Forum Moderators: phranque

Message Too Old, No Replies

RewriteMap and URL structure

Dynamic to static URL rewriting with exceptions for local files

         

dhatz

2:27 am on Mar 13, 2007 (gmt 0)

10+ Year Member


I want to do the usual dynamic -> static URL re-writing and would like your advice if you see any problems I don't with my implementation. Currently the dynamic pages are of the form /index.php?displaythis=1234 or /index.php?displaythat=5678 etc

I am thinking of a 1-level deep directory structure of the form

/location/widgettype-widgetname.html

[location], [widgettype] and [widgetname] will be changing.

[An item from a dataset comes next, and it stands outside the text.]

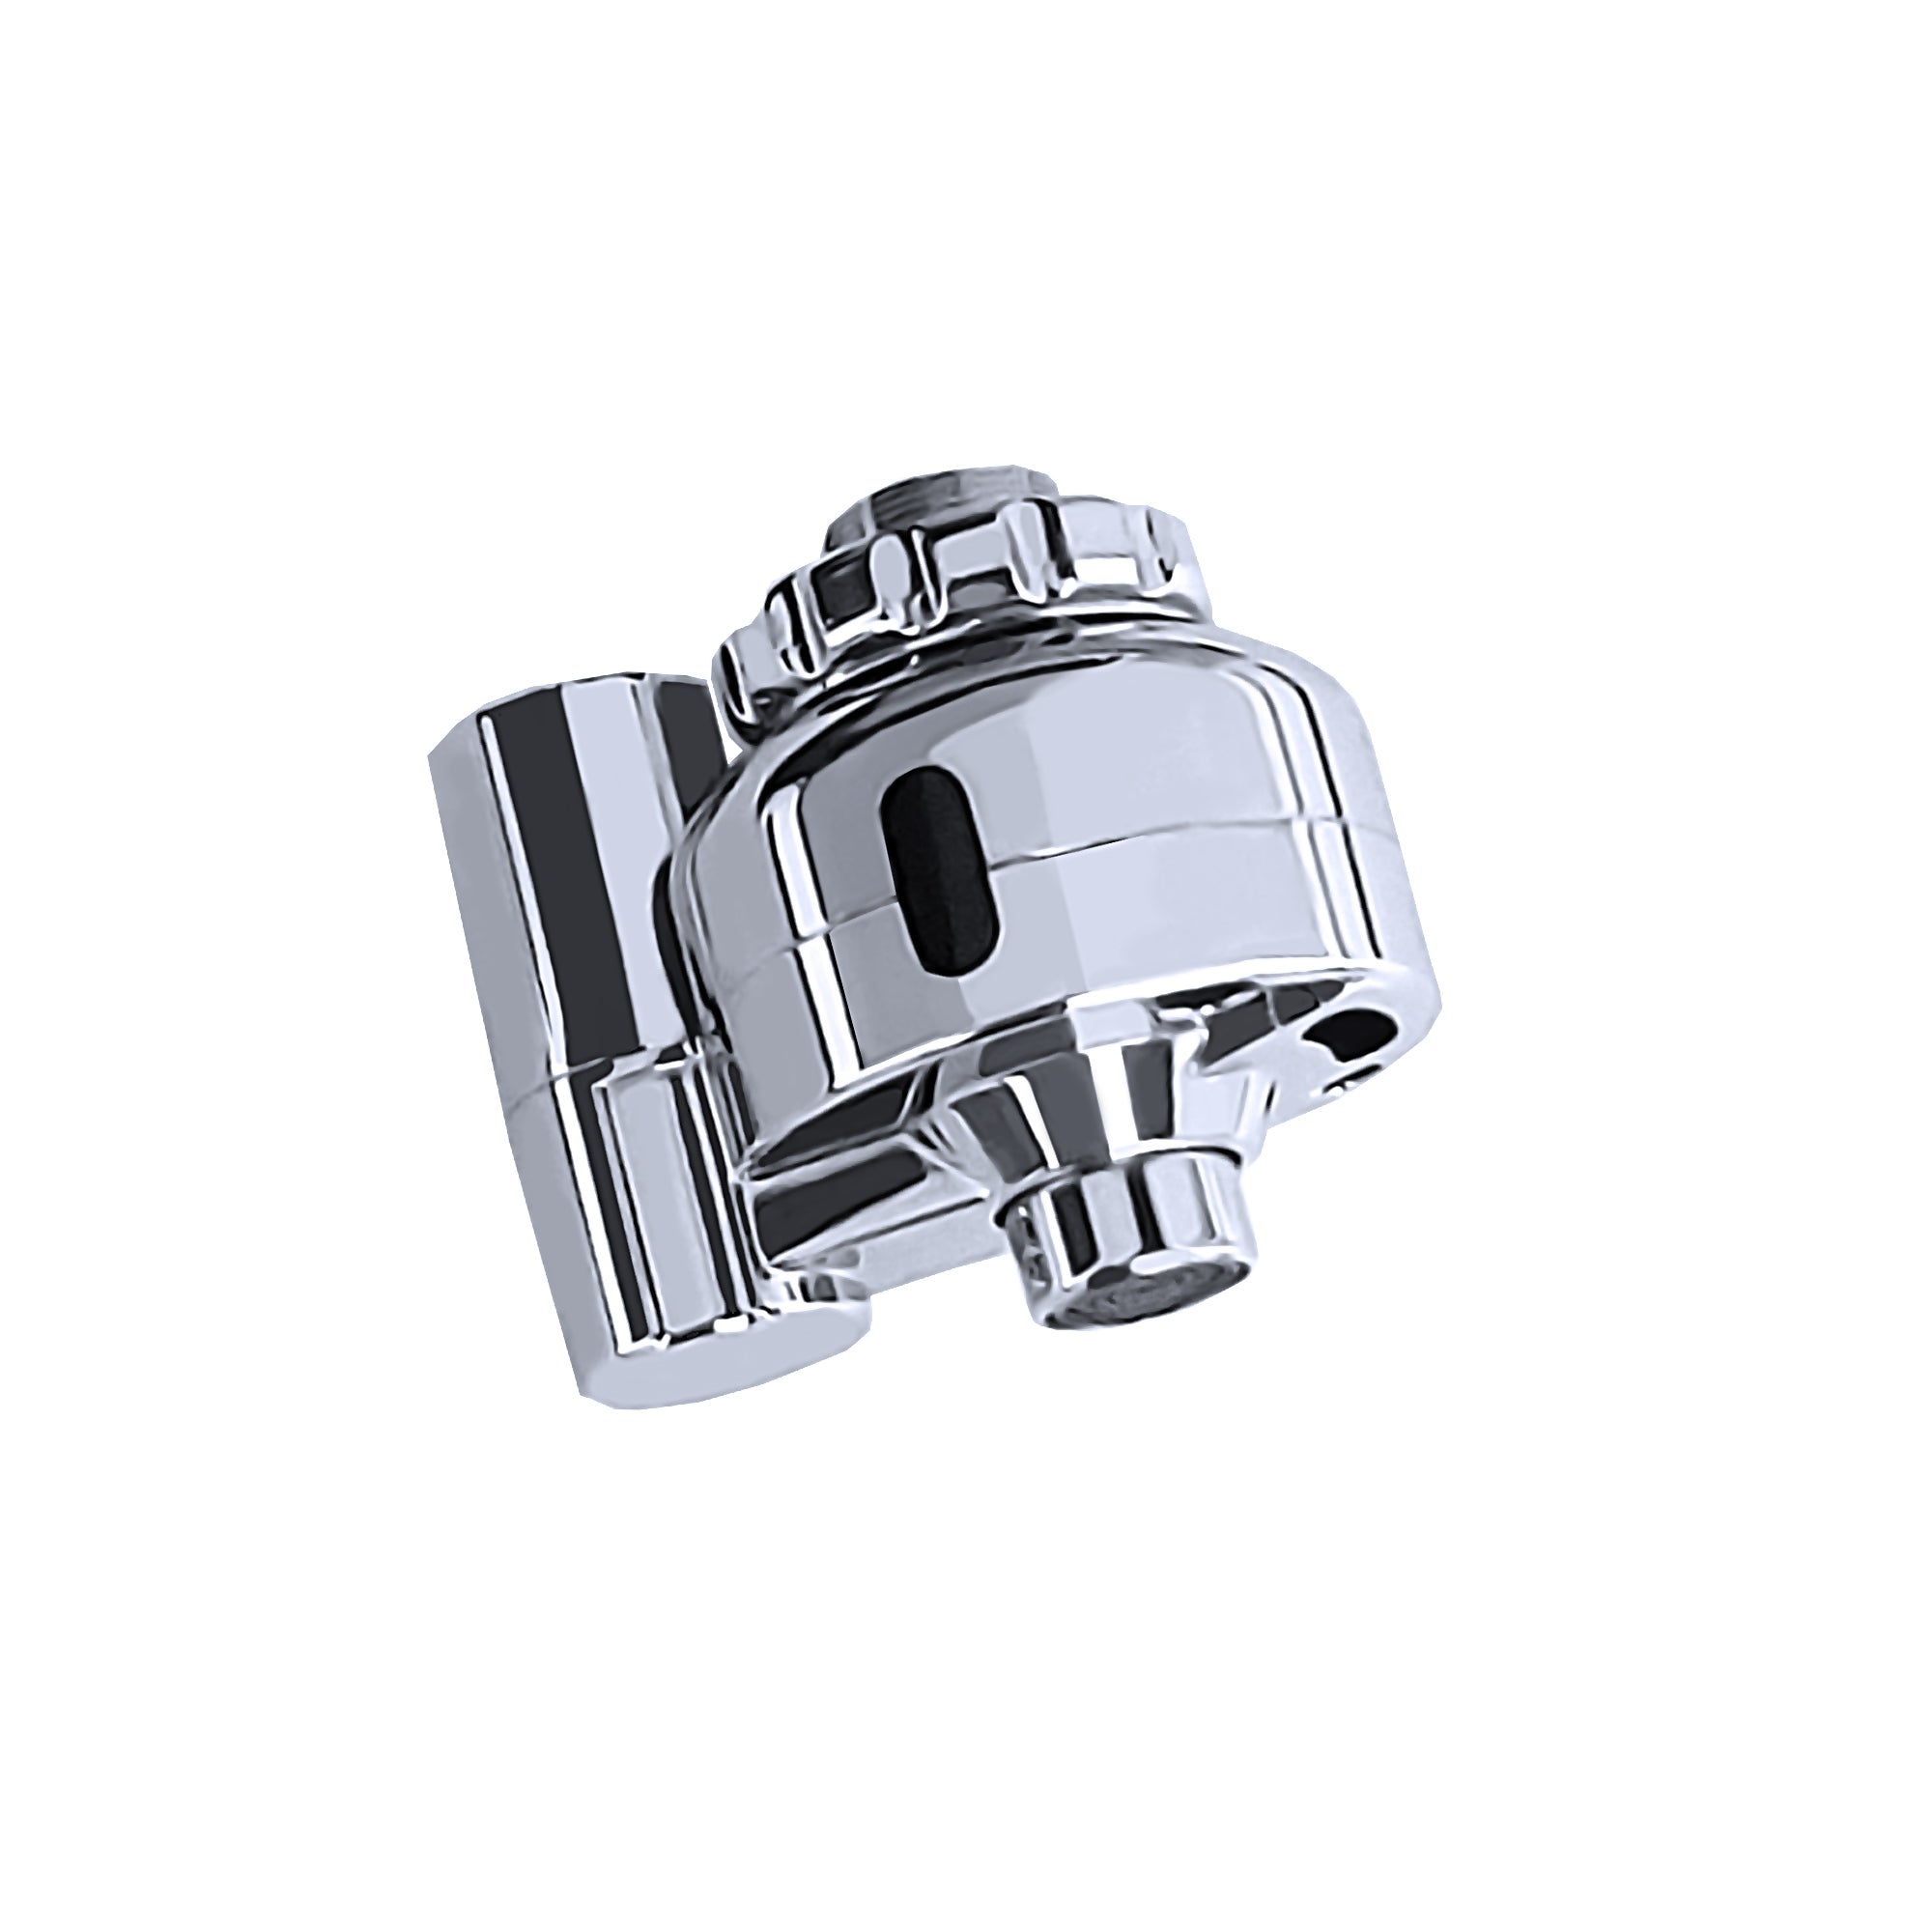 Whitehaus Collection's Eco-Friendly Touchless Polished Chrome Faucet Aerator with Smart Sensor WH-TA1301 - Vital Hydrotherapy

But what if I want to also put static files and sub-directories under /location/ , just adding RewriteCond %{REQUEST_FILENAME}!-f doesn't seem to work...

Here is the code I've prepared to do the internal rewriting (seems to work, but hopefully the regexp gurus could rewrite it to be less generic):

RewriteMap map txt:/path/to/map.txt
RewriteCond %{REQUEST_URI} ^/(.*)/widgettype-(.*)\.html$
RewriteCond ${map:%1/widgettype-%2}!^$
RewriteRule ^/(.*)/widgettype-(.*)\.html$ /index.php?displaythis=${map:$1/hotel-$2¦0} [L]

My questions:

1. how to check for existing file on disk, before proceeding to check rewritemap?
2. if not a local file on disk AND not found in map, will it always fall-through to apache (custom) errordocument 404?
3. Any possible loops etc to be aware, that I might unknowingly be creating here?
4. Performance issues to be aware of? (map.txt will have ~2000 lines max)

Thanks in advance!

jdMorgan

2:17 pm on Mar 13, 2007 (gmt 0)

WebmasterWorld Senior Member 10+ Year Member



> But what if I want to also put static files and sub-directories under /location/ , just adding RewriteCond %{REQUEST_FILENAME}!-f doesn't seem to work...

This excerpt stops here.